What the exercise asks
Please give all of the data again, character for character, and drop the pictures.
--- Stored data Enclosed Below ---
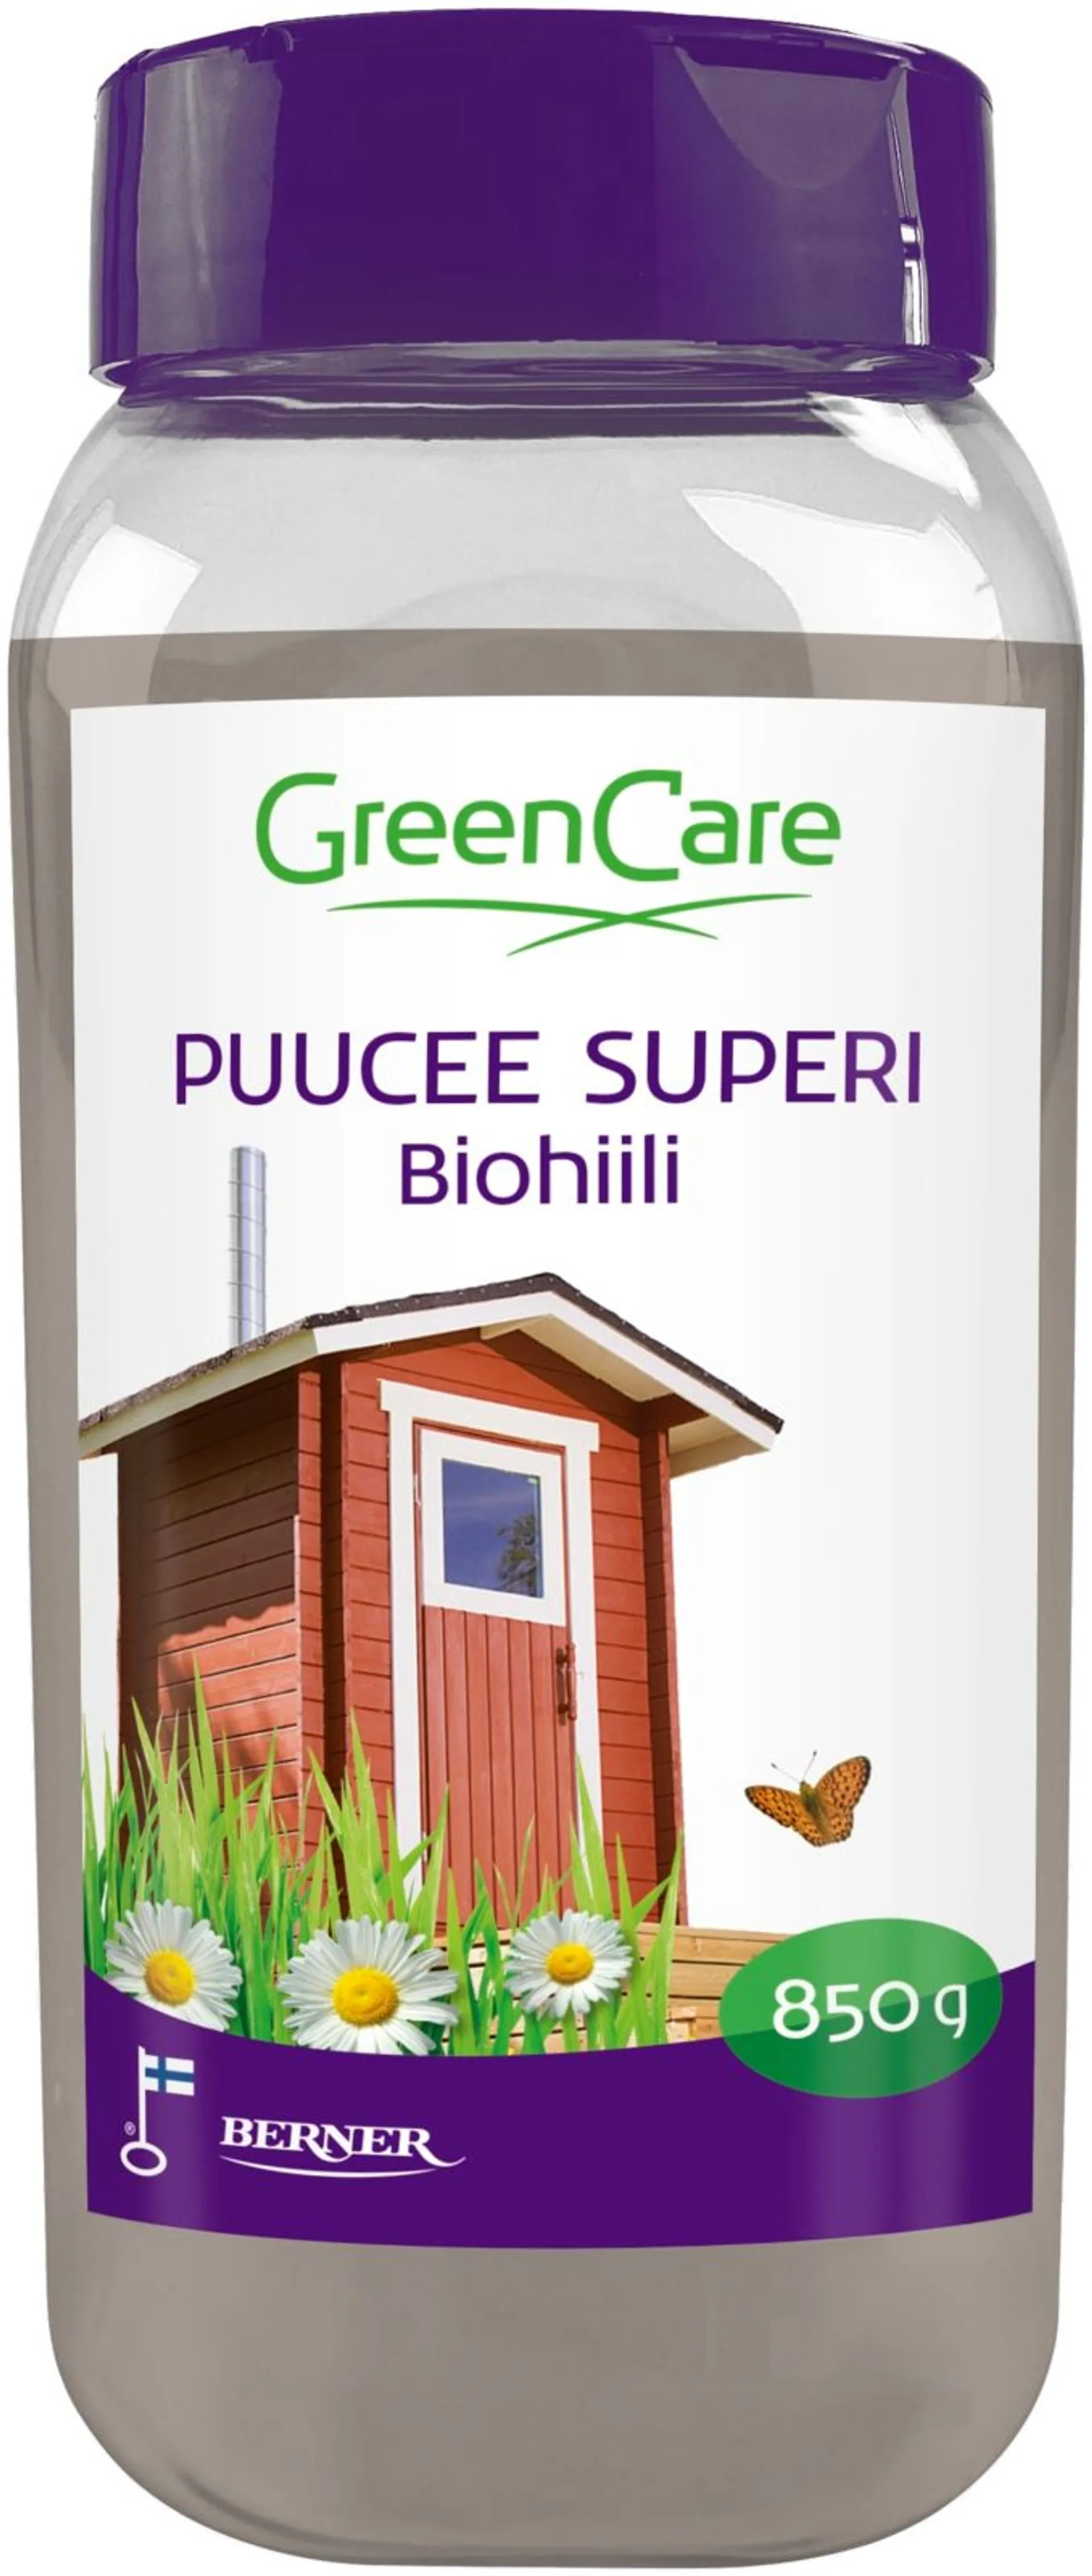 Greencare puucee superi biohiili 850 g
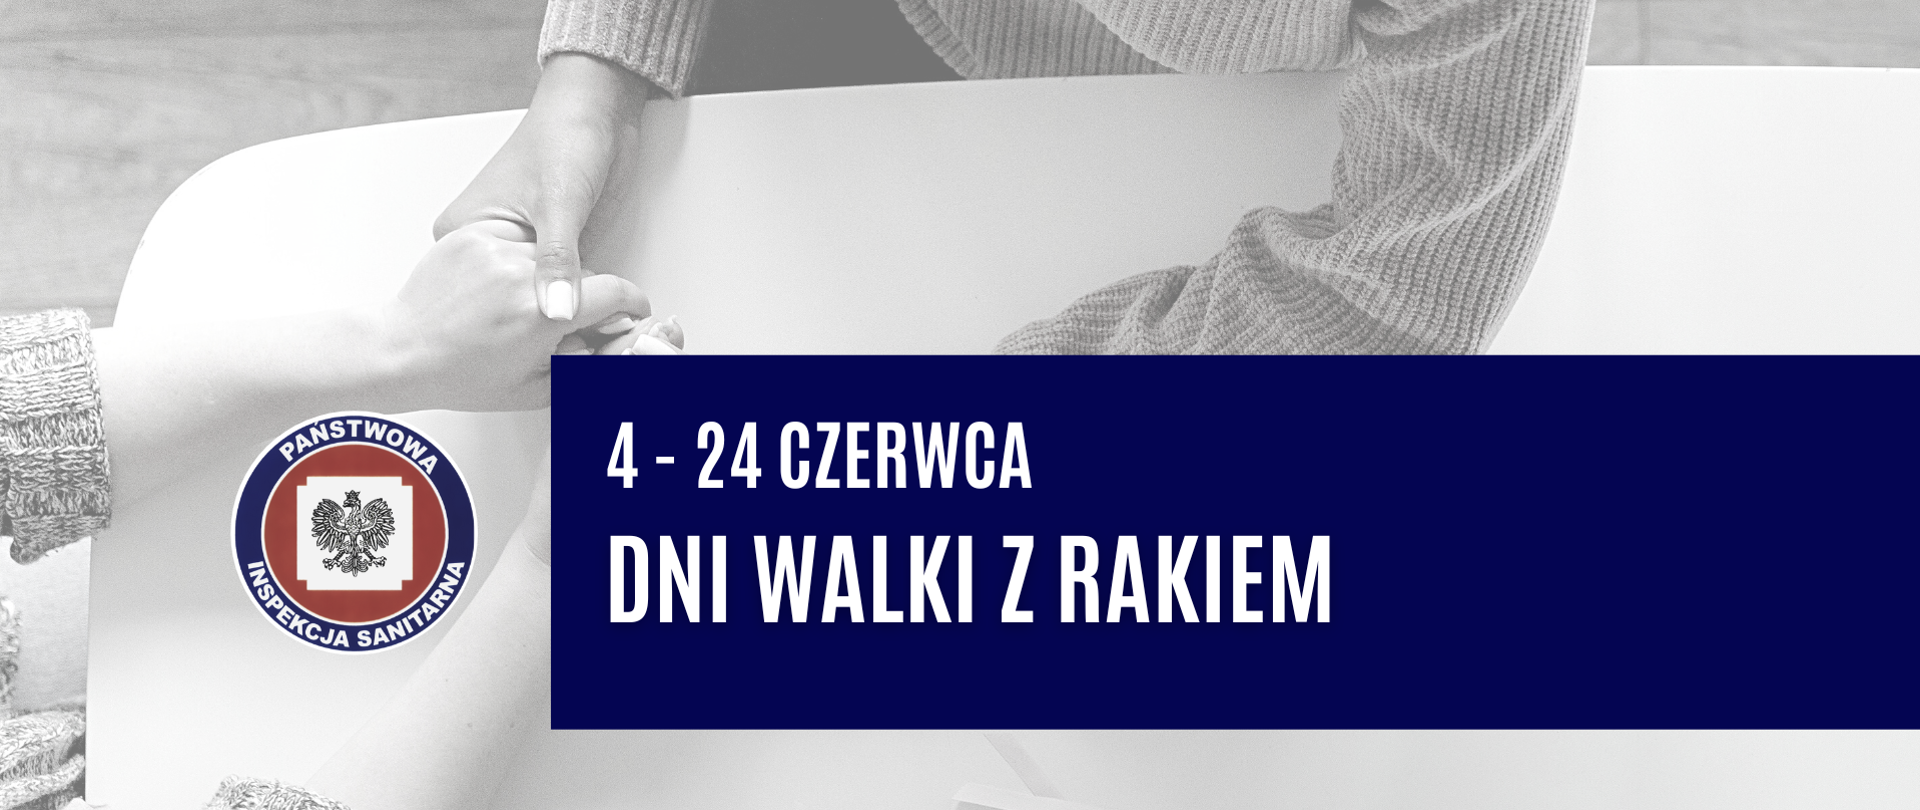 Dni_walki_z_rakiem
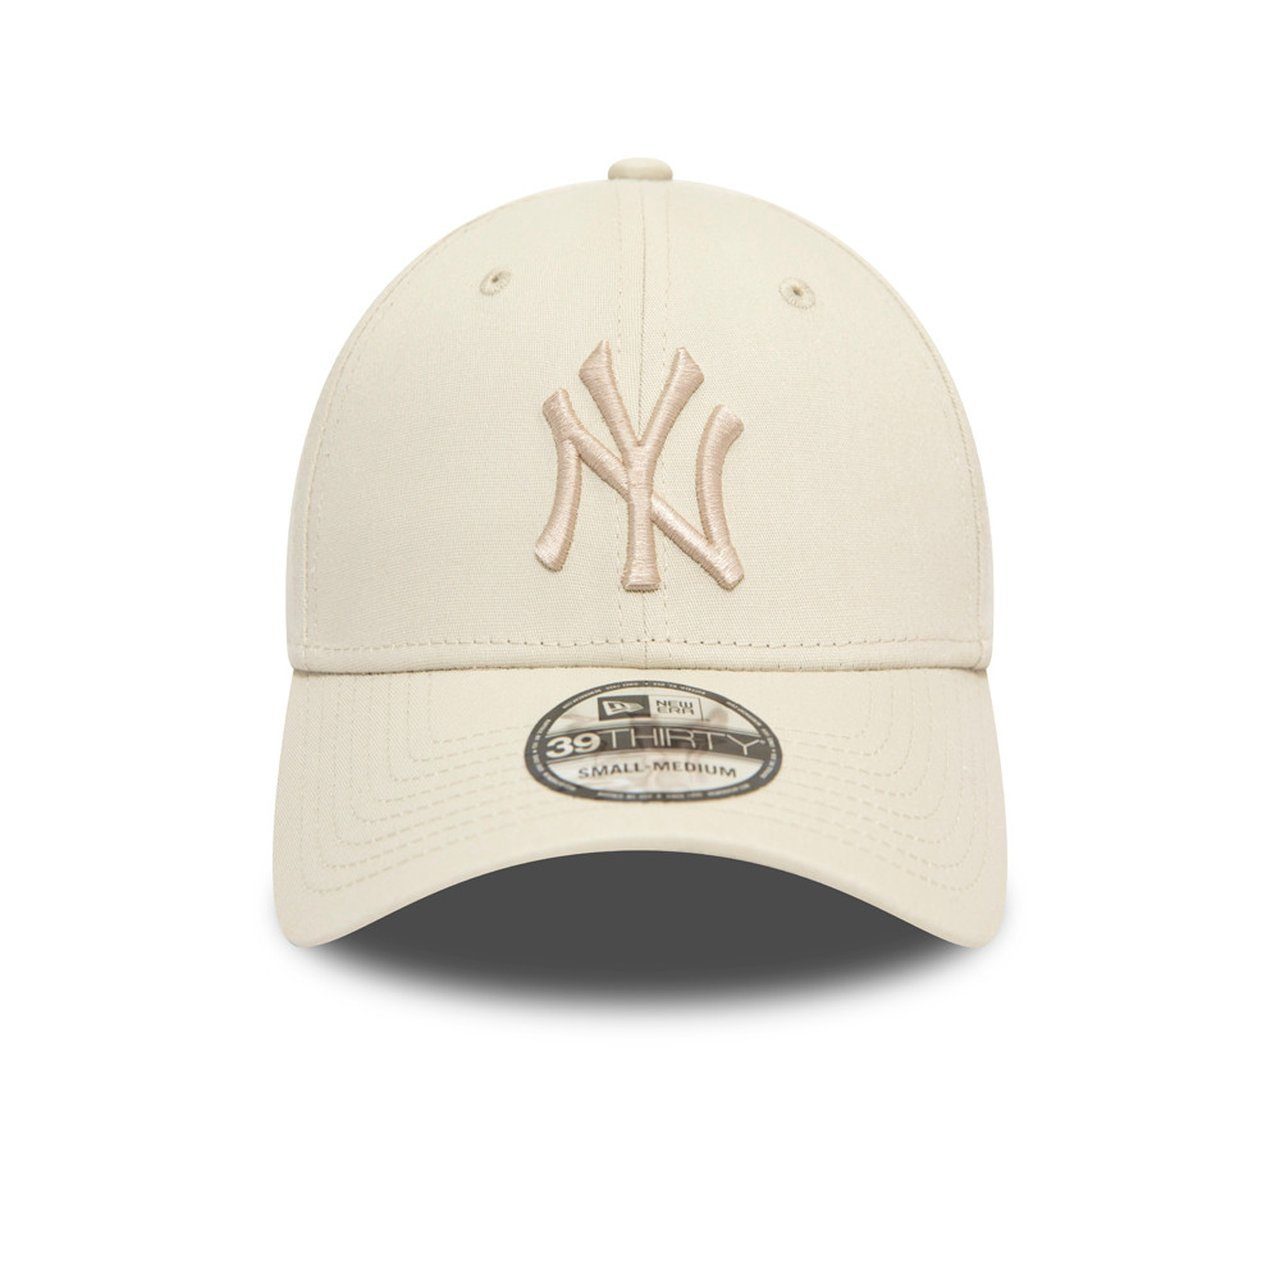 Flex New Cap Era New Yankees York 39Thirty
--- End of Enclosed Stored data ---
Exercise result
 Greencare puucee superi biohiili 850 g
 Dni_walki_z_rakiem
 Flex New Cap Era New Yankees York 39Thirty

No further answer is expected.